03

7.1K 588 7
                                    

Aku membolak-balik lembar novel yang sedang ku baca, entah lah apa gunanya seperti itu. Tapi pikiranku benar-benar tidak pada tempatnya untuk saat ini. Rasanya otakku benar-benar merekam dengan jelas kalimat Wira semalam.

Kini dia tanpa bertanggungjawab telah memorakporandakan hatiku, pergi begitu saja untuk kembali bertugas di kota. Sedangkan aku di sini gila memikirkan perkataannya itu setiap saat.

"Kaaakkk"

"Eh," aku menabok wajah Ero. Refleks.

"Anjay, muka ganteng aku." ujarnya lebay dan mengusap-usap wajahnya yang kena tabokanku.

"Apaan, kamu sih ngagetin kakak."

"Aku? Kakak tuh yang senyam-senyum gak jelas."

Aku mengernyit "Masa sih aku senyum-senyum?" tanyaku

"Iya. Mikirin yang enggak-enggak kan?" tudingnya.

"Ihh apaan, aku mikirin Wira tau."

"Wira?" ia tersenyum menggoda.

"Hm, semalam dia bilang mau deketin aku."

"Jiahhh baper, awas di phpin orang ganteng." ejeknya.

Kalo aja tadi Ero adek yang baik, dia pasti bilang gini 'kalo sampe Wira nyakitin dan buat kakak nangis, aku nggak akan segan-segan ngabisin dia'

Lah, perkaranya di sini ibu nggak ngelahirin adek yang baik buat aku. Dia mah kek Dajjal.

"Iya, aku juga mikirnya gitu. Takutnya Wira cuma berencana baperin aku aja. Kalo gitu kan lebih baik aku tetep setia sama Baekhyun."

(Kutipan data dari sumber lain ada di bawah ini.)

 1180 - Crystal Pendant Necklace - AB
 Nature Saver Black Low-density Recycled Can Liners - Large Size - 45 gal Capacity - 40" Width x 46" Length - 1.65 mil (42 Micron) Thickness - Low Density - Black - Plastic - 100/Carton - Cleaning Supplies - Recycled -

Ero memutar bola matanya jengah "Mimpi mulu kamu kak, mangkanya jangan kebanyakan tidur." ia menoyor kepalaku. Tak sopan.

"Aku lebih tua empat tahun dari kamu, kurang ajar." ketusku

"Coba kakak bilang gitu deh sama Wira, pasti niat Wira ngedeketin kakak langsung batal." tawanya meledak setelah mengucapkan kalimat itu.

"Ihhhh kurang ajar, Ero monyet." makiku tak segan-segan.

Kenapa bawa-bawa umur sih. Kan hayati malu ketahuan udah tua.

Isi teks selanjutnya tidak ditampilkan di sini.